Grygorczuk Sambor, Parczewski Miłosz, Świerzbińska Renata, Czupryna Piotr, Moniuszko Anna, Dunaj Justyna, Kondrusik Maciej, Pancewicz Sławomir
Department of the Infectious Diseases and Neuroinfections, Medical University in Białystok, ul. Żurawia 14, 15-540, Białystok, Poland.
Department of Infectious Diseases and Hepatology, Pomeranian Medical University in Szczecin, ul. Arkońska 4, 71-455, Szczecin, Poland.
J Neuroinflammation. 2017 Jun 24;14(1):126. doi: 10.1186/s12974-017-0898-2.
Host factors determining the clinical presentation of tick-borne encephalitis (TBE) are not fully elucidated. The peripheral inflammatory response to TBE virus is hypothesized to facilitate its entry into central nervous system by disrupting the blood-brain barrier with the involvement of a signaling route including Toll-like receptor 3 (TLR3) and pro-inflammatory cytokines macrophage migration inhibitory factor (MIF), tumor necrosis factor-α (TNFα), and interleukin-1 beta (IL-1β).
Concentrations of MIF, TNFα, and IL-1β were measured with commercial ELISA in serum and cerebrospinal fluid (CSF) from 36 hospitalized TBE patients, 7 patients with non-TBE meningitis, and 6 controls. The CSF albumin quotient (AQ) was used as a marker of blood-brain barrier permeability. Single nucleotide polymorphisms rs3775291, rs5743305 (associated with TLR3 expression), and rs755622 (associated with MIF expression) were assessed in blood samples from 108 TBE patients and 72 non-TBE controls. The data were analyzed with non-parametric tests, and p < 0.05 was considered significant.
The median serum and CSF concentrations of MIF and IL-1β were significantly increased in TBE group compared to controls. MIF concentration in serum tended to correlate with AQ in TBE, but not in non-TBE meningitis. The serum concentration of TNFα was increased in TBE patients bearing a high-expression TLR3 rs5743305 TT genotype, which also associated with the increased risk of TBE. The low-expression rs3775291 TLR3 genotype TT associated with a prolonged increase of CSF protein concentration. The high-expression MIF rs755622 genotype CC tended to correlate with an increased risk of TBE, and within TBE group, it was associated with a mild presentation.
The results point to the signaling route involving TLR3, MIF, and TNFα being active in TBE virus infection and contributing to the risk of an overt neuroinvasive disease. The same factors may play a protective role intrathecally contributing to the milder course of neuroinfection. This suggests that the individual variability of the risk and clinical presentation of TBE might be traced to the variable peripheral and intrathecal expression of the mediators of the inflammatory response, which in turn associates with the host genetic background.

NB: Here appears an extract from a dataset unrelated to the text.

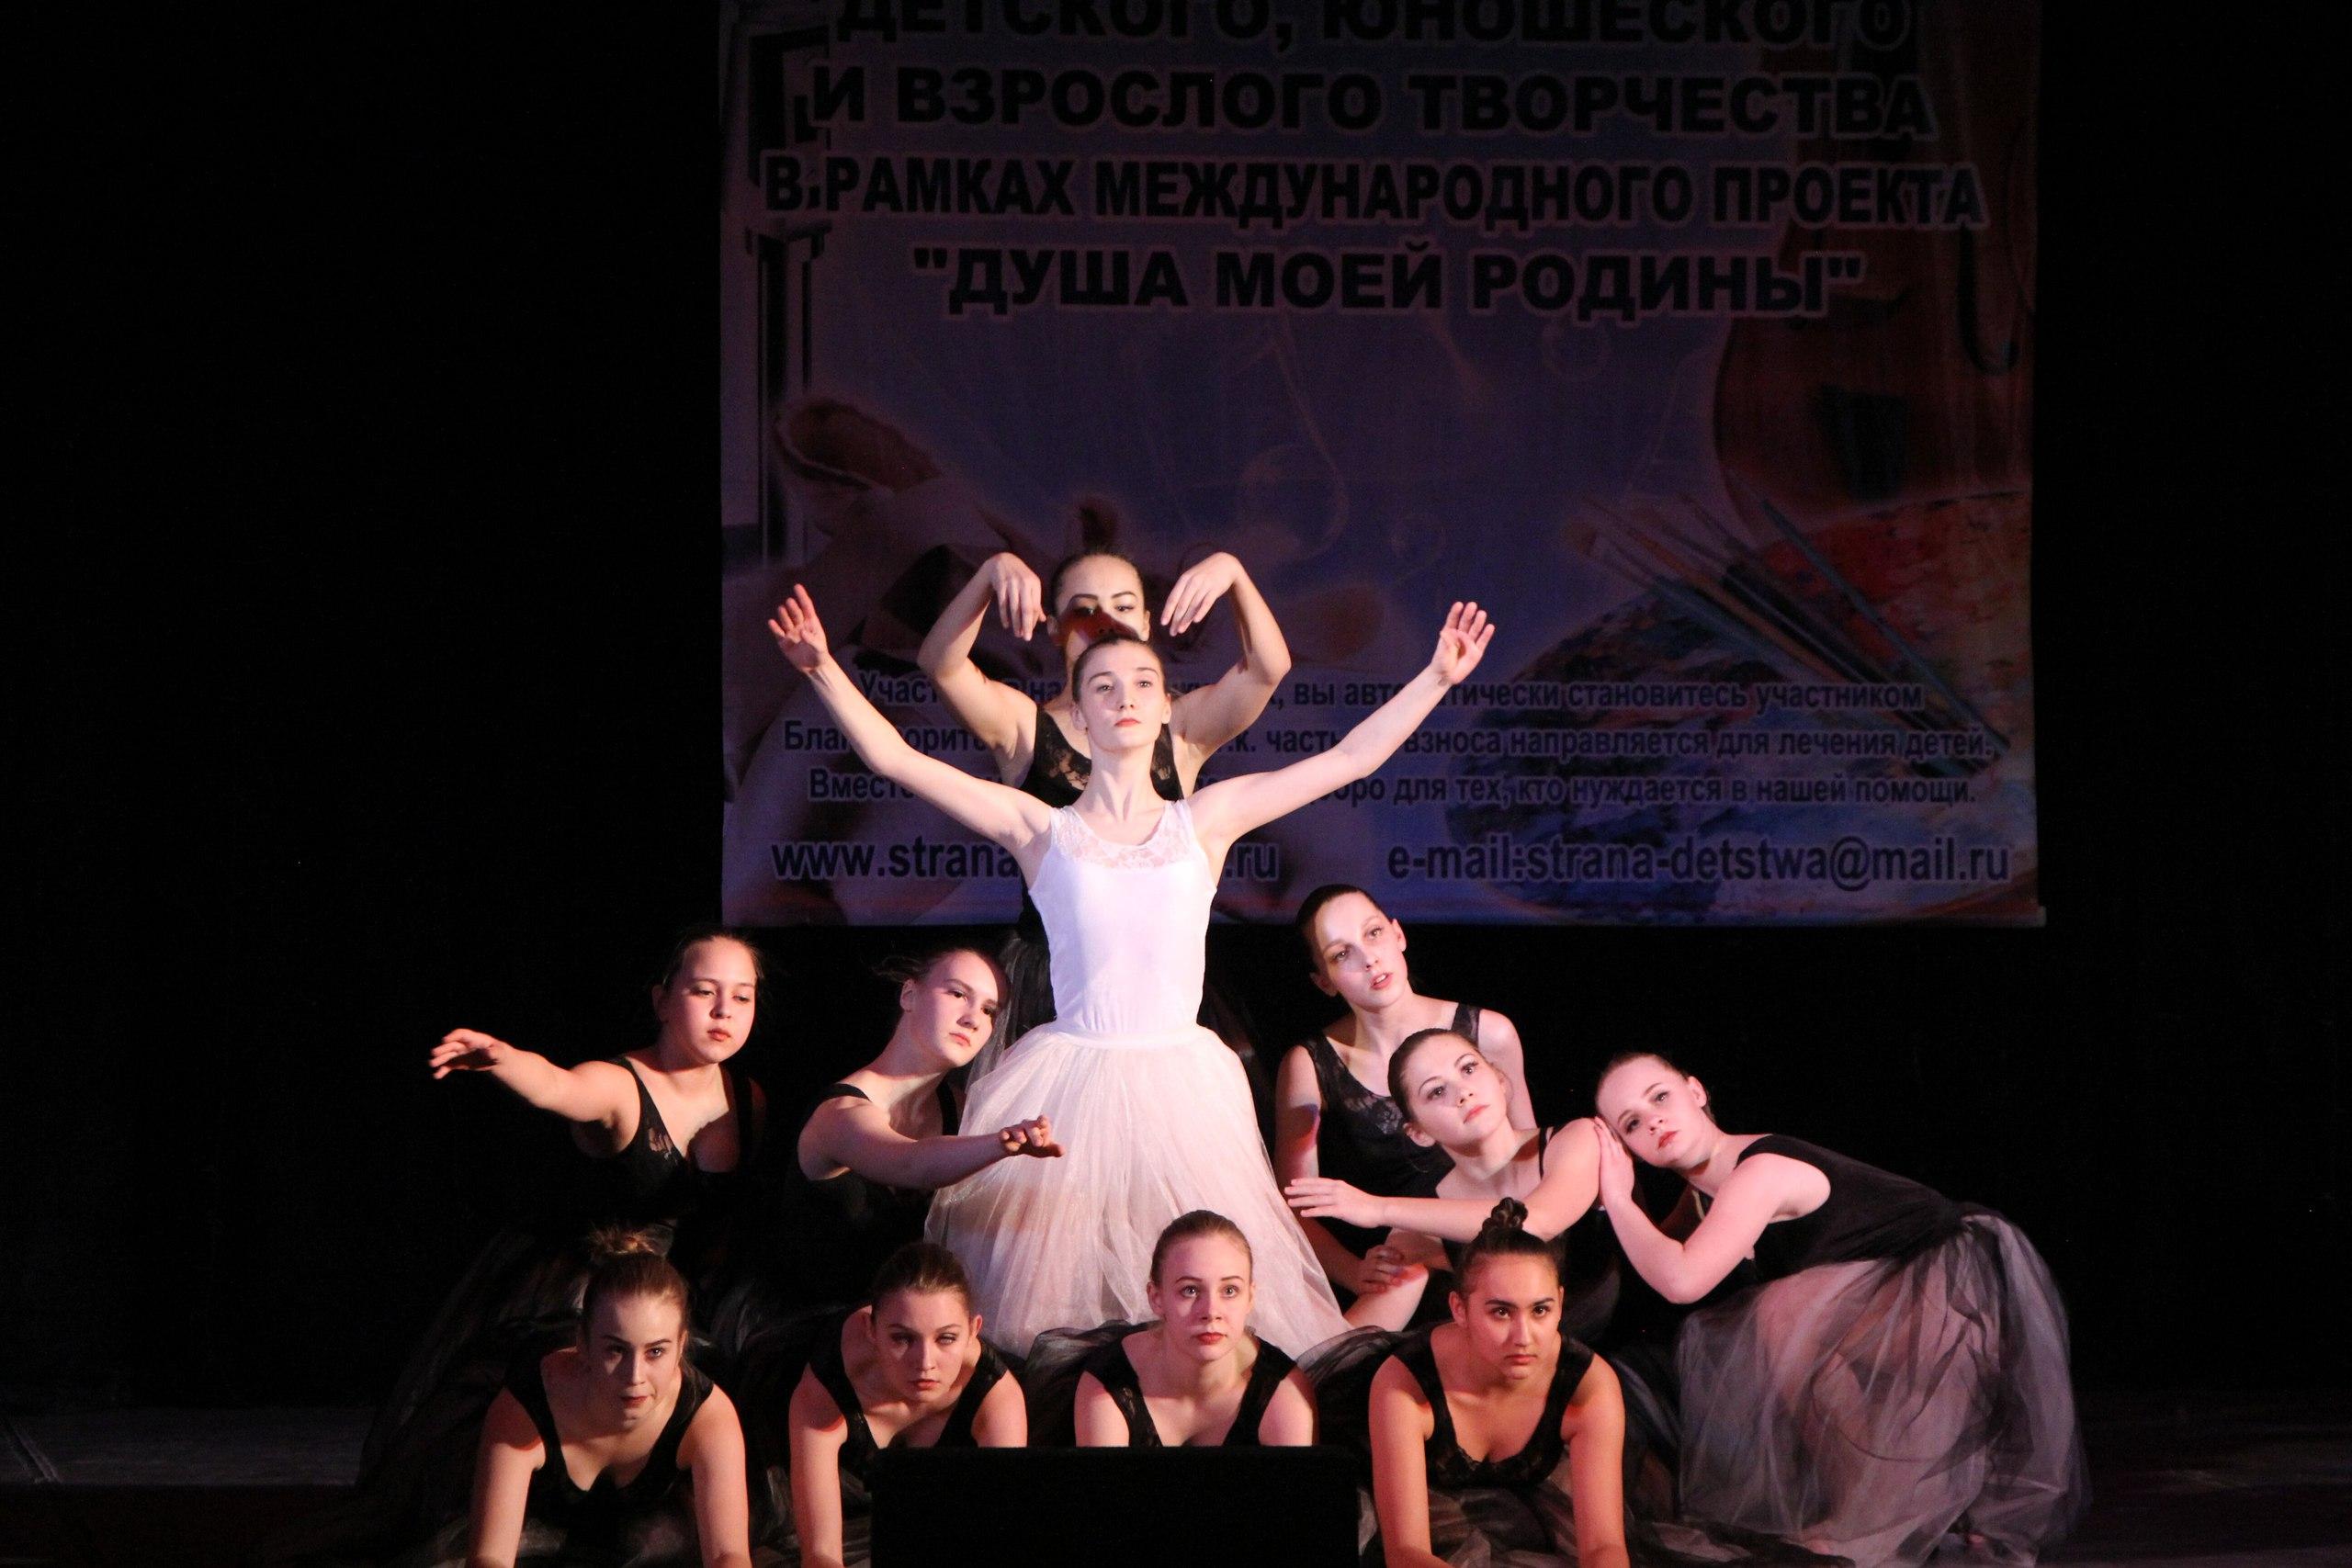 I Международный фестиваль-конкурс детского, юношеского и взрослого творчества  «РАДУГА ЖЕЛАНИЙ»

决定蜱传脑炎(TBE)临床表现的宿主因素尚未完全阐明。据推测,TBE病毒引发的外周炎症反应通过包括Toll样受体3(TLR3)和促炎细胞因子巨噬细胞移动抑制因子(MIF)、肿瘤坏死因子-α(TNFα)和白细胞介素-1β(IL-1β)在内的信号通路破坏血脑屏障,从而促进病毒进入中枢神经系统。
采用商业酶联免疫吸附测定法(ELISA)检测36例住院TBE患者、7例非TBE脑膜炎患者和6例对照者血清及脑脊液(CSF)中MIF、TNFα和IL-1β的浓度。脑脊液白蛋白商(AQ)用作血脑屏障通透性的标志物。在108例TBE患者和72例非TBE对照者的血样中评估单核苷酸多态性rs3775291、rs5743305(与TLR3表达相关)和rs755622(与MIF表达相关)。数据采用非参数检验进行分析,p < 0.05被认为具有统计学意义。

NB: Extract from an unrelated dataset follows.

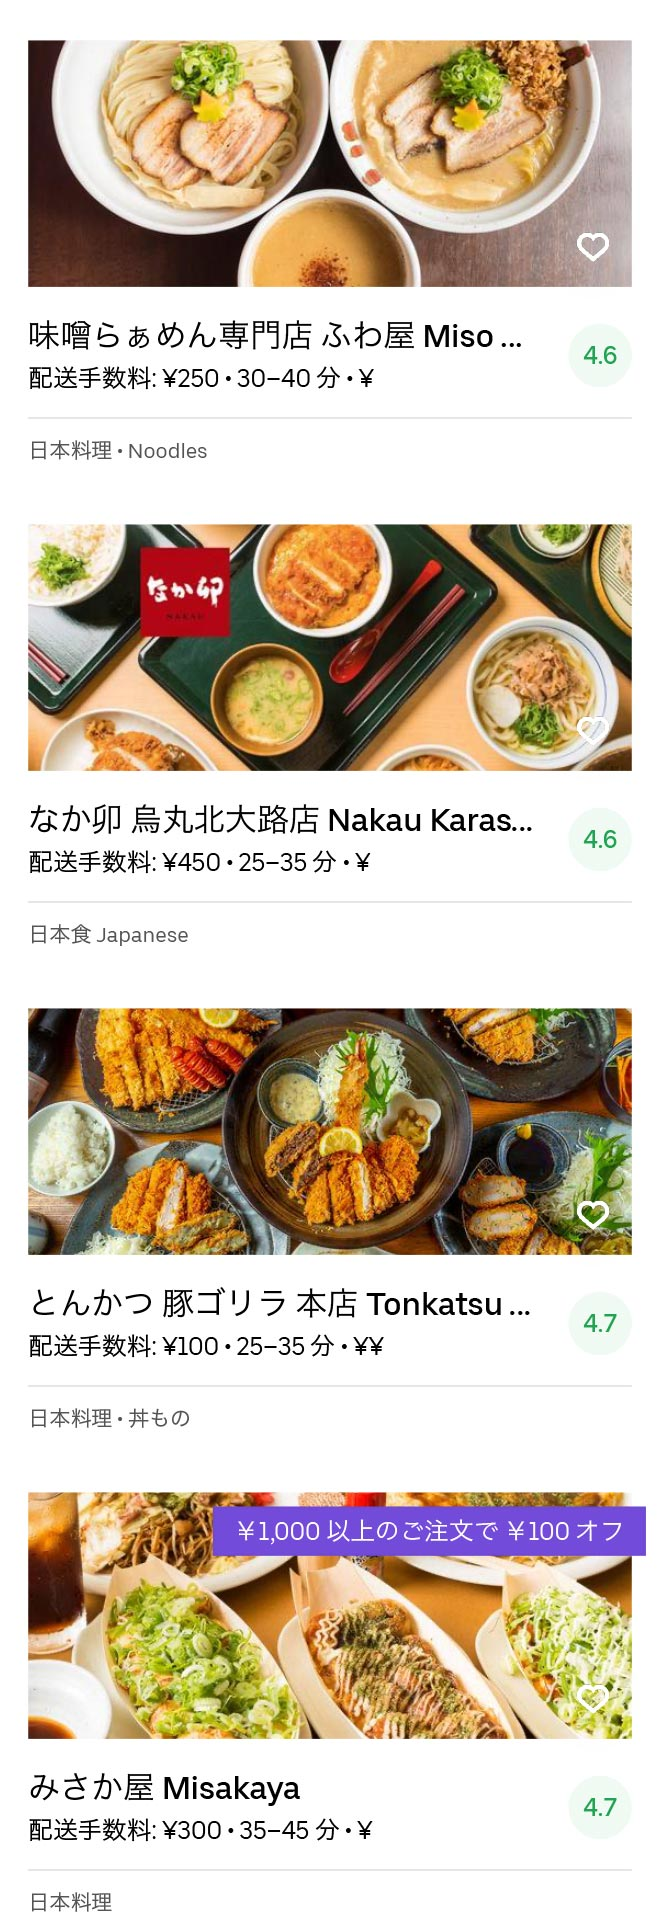 Kyoto hanazono menu 2005 11

与对照组相比,TBE组血清和脑脊液中MIF和IL-1β的中位数浓度显著升高。TBE患者血清中MIF浓度与AQ呈正相关趋势,而非TBE脑膜炎患者则无此相关性。携带高表达TLR3 rs5743305 TT基因型的TBE患者血清中TNFα浓度升高,并与TBE风险增加相关。低表达rs3775291 TLR3基因型TT与脑脊液蛋白浓度持续升高相关。高表达MIF rs755622基因型CC与TBE风险增加呈正相关趋势,且在TBE组内,与症状较轻相关。
结果表明,涉及TLR3、MIF和TNFα的信号通路在TBE病毒感染中激活,并导致明显的神经侵袭性疾病风险增加。相同因素可能在鞘内起保护作用,使神经感染病程较轻。这表明,TBE风险和临床表现的个体差异可能归因于炎症反应介质外周和鞘内表达的变化,而这又与宿主遗传背景相关。